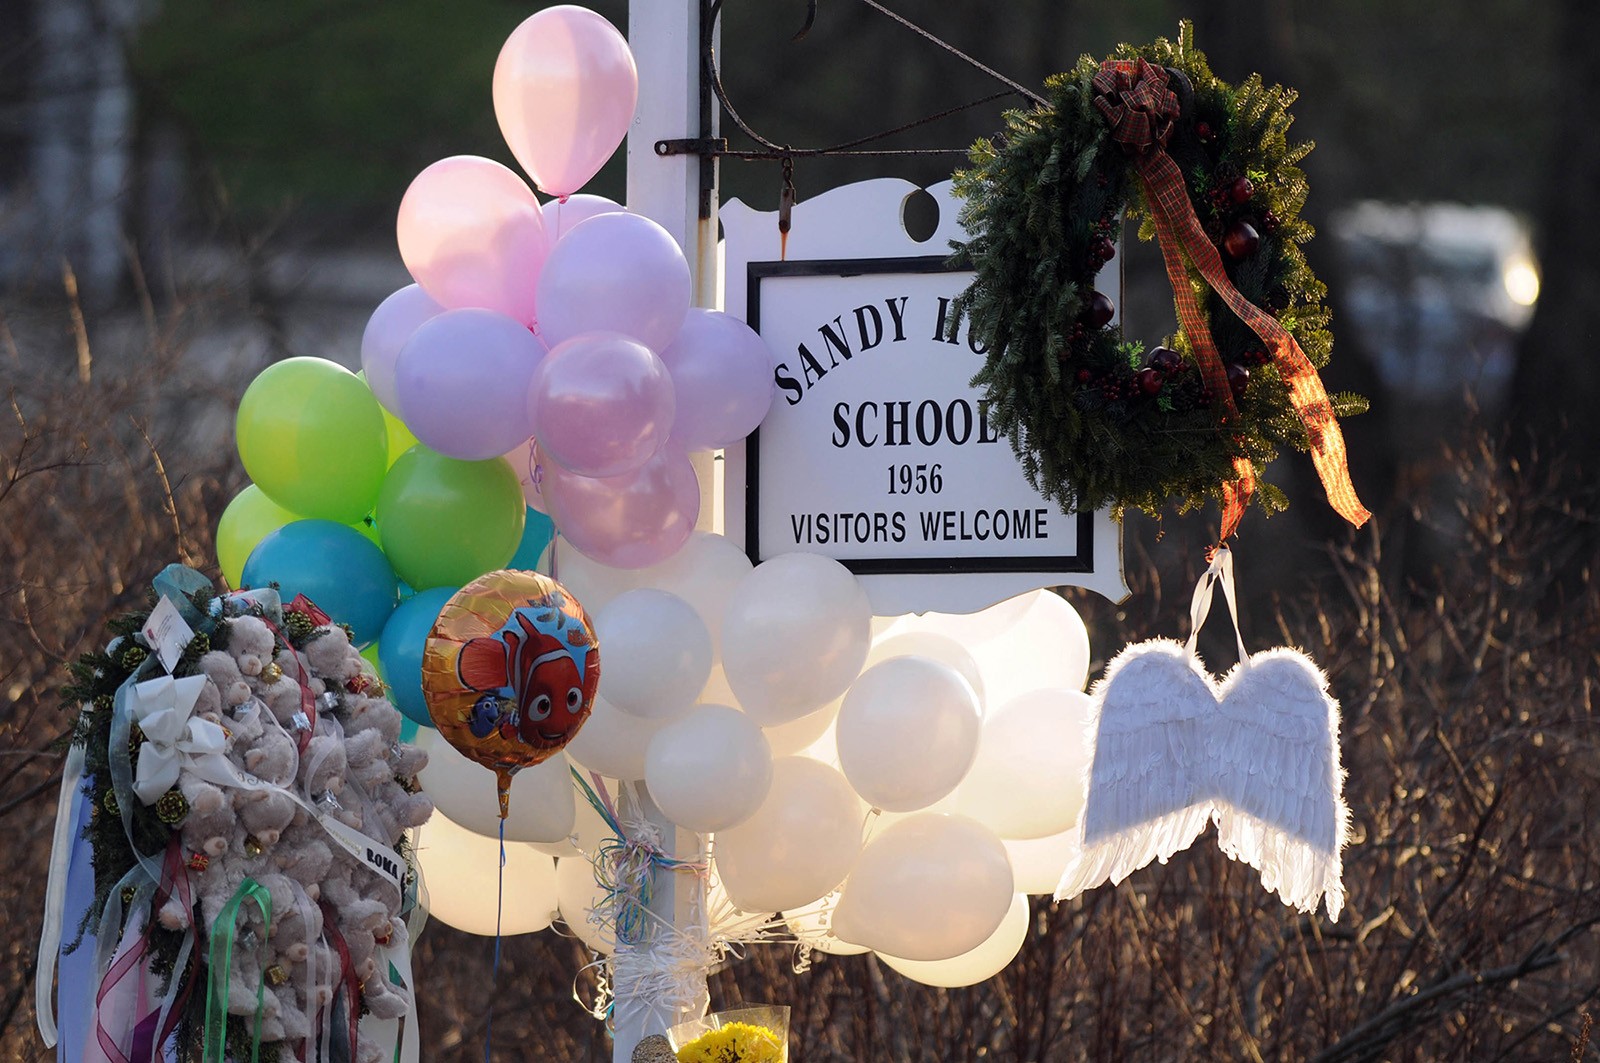 Flowers, teddy bears, candles, balloons and a pair of angel wings left by mourners are seen at the Sandy Hook Elementary School sign. Photo: TNS
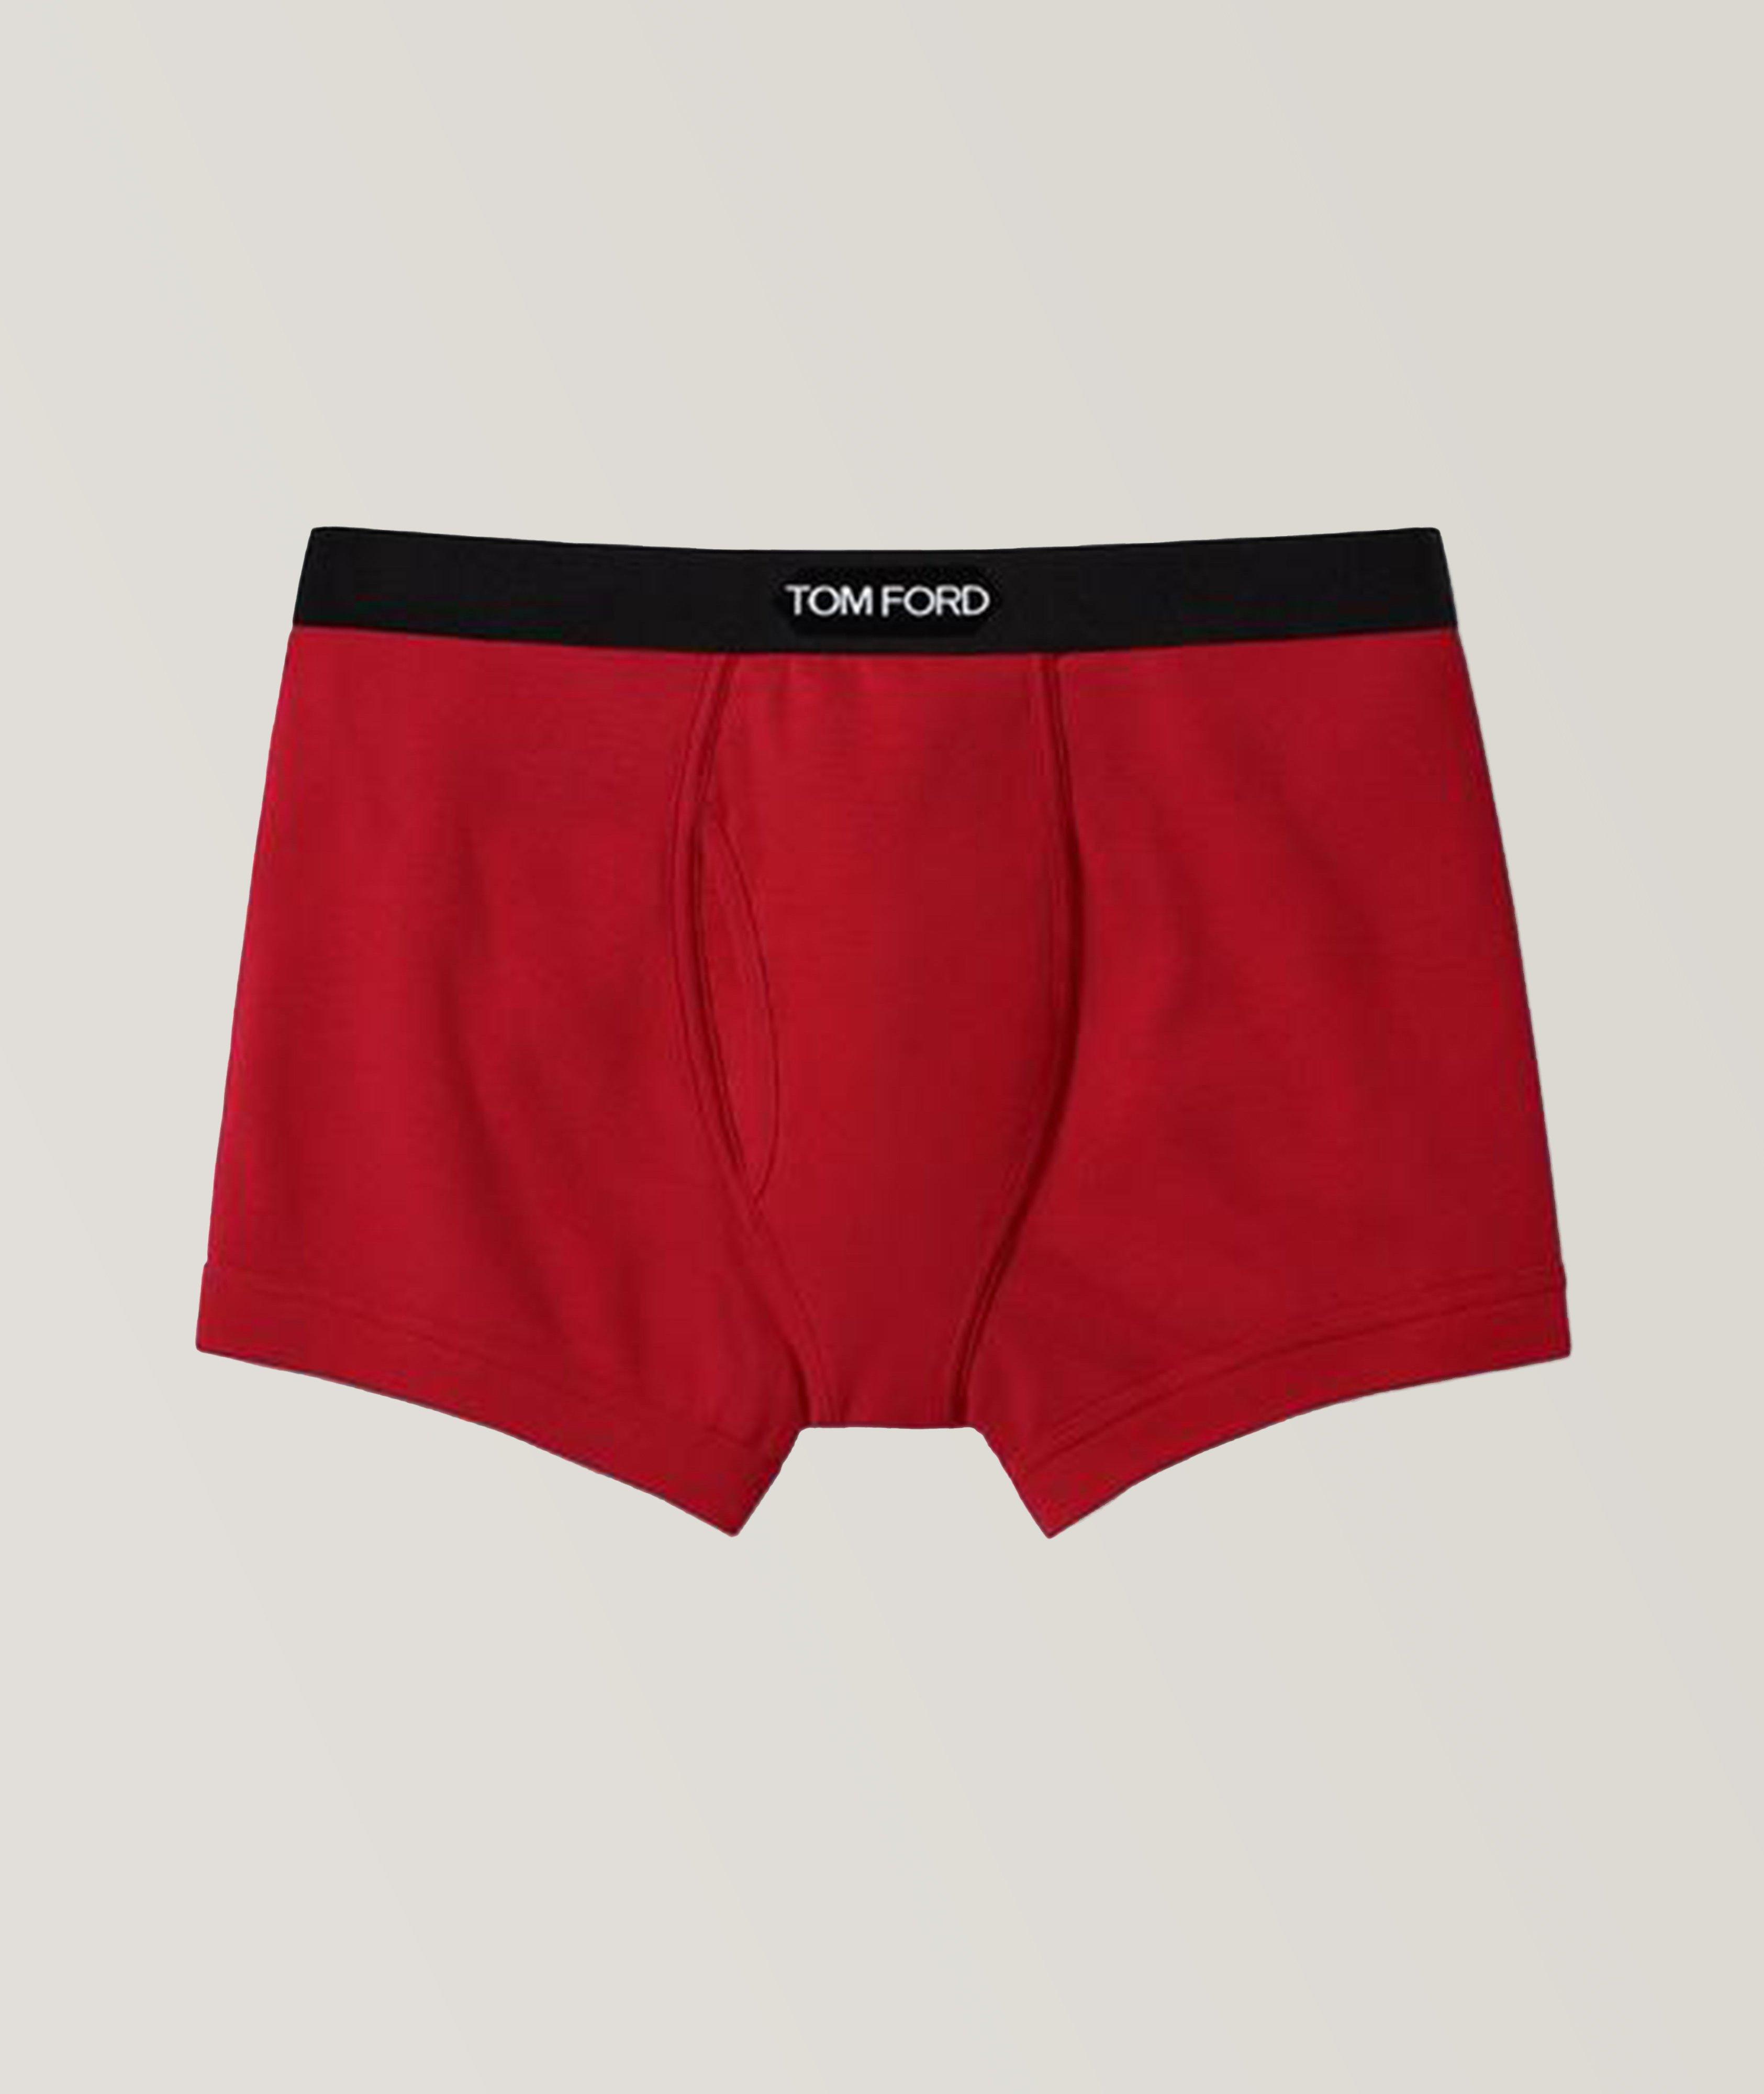 TOM FORD Jersey Cotton Boxer Briefs
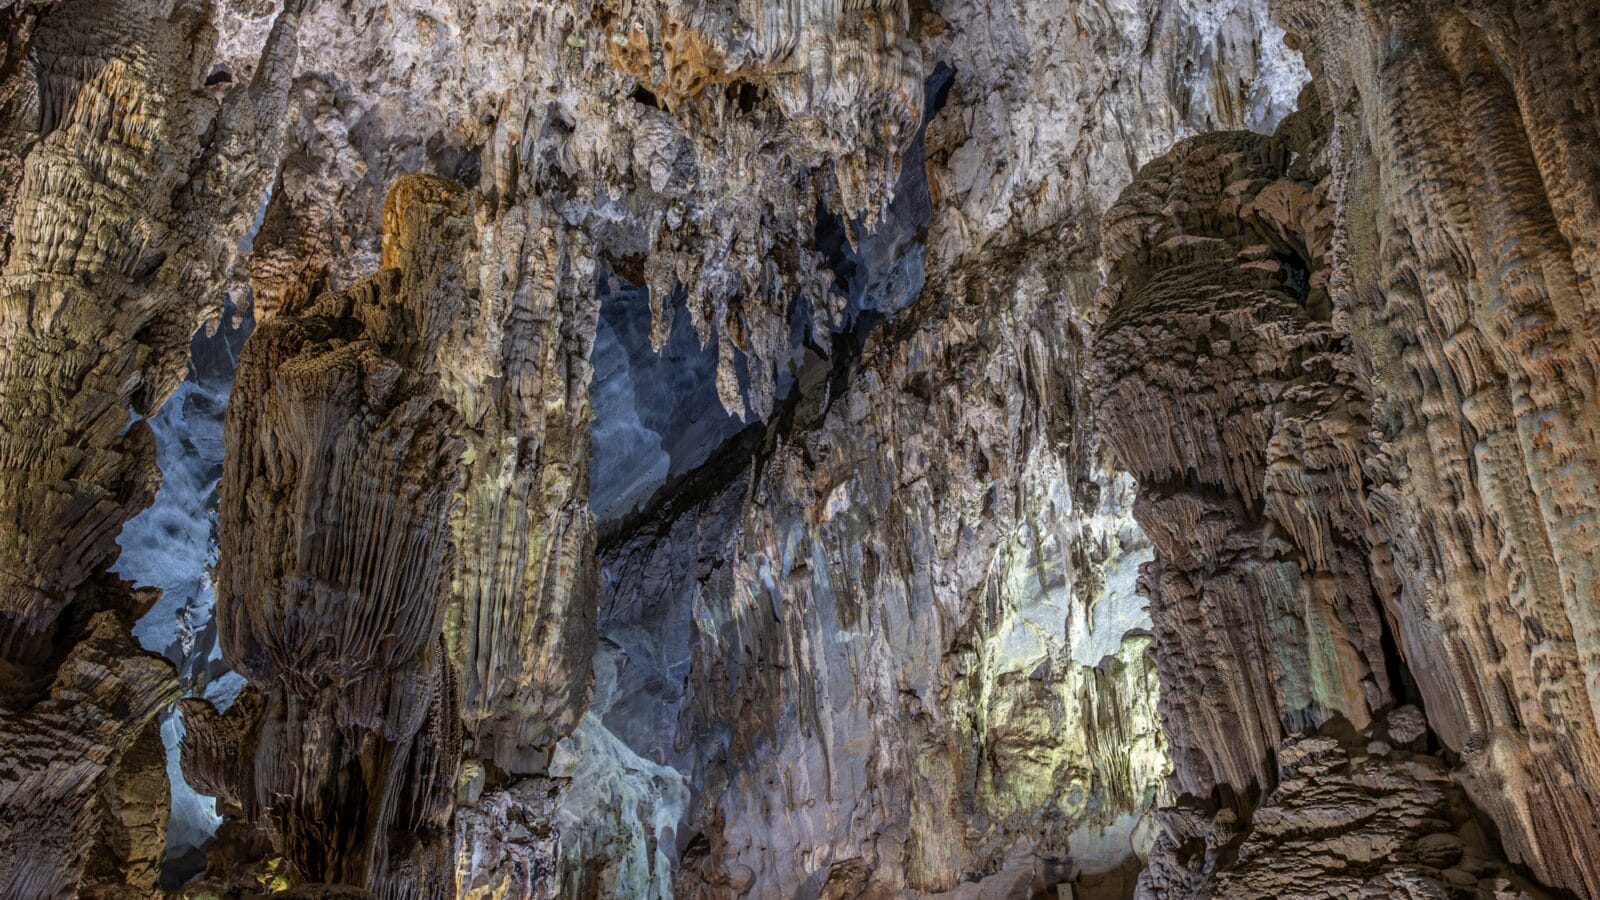 <p>Vietnam’s Hang Sơn Đoòng is one of the largest caves in the world, and it is lightened up by natural skylights in some locations. The fairytale cavern is also home to rather unusual flora and fauna. It boasts massive cave pearls bigger than anywhere else in the world.</p><p>If you want to explore Hang Sơn Đoòng and its fossils dating back to the Paleozoic era, be ready to pay a whopping $3,000 per person for the tour of this natural wonder.</p>

TRY IT:
A word-for-word copy of the data, without its pictures, is what is needed.

RESPONSE TO THE EXERCISE:
 Flowers, teddy bears, candles, balloons and a pair of angel wings left by mourners are seen at the Sandy Hook Elementary School sign. Photo: TNS
 TOM FORD Jersey Cotton Boxer Briefs
 <p>Vietnam’s Hang Sơn Đoòng is one of the largest caves in the world, and it is lightened up by natural skylights in some locations. The fairytale cavern is also home to rather unusual flora and fauna. It boasts massive cave pearls bigger than anywhere else in the world.</p><p>If you want to explore Hang Sơn Đoòng and its fossils dating back to the Paleozoic era, be ready to pay a whopping $3,000 per person for the tour of this natural wonder.</p>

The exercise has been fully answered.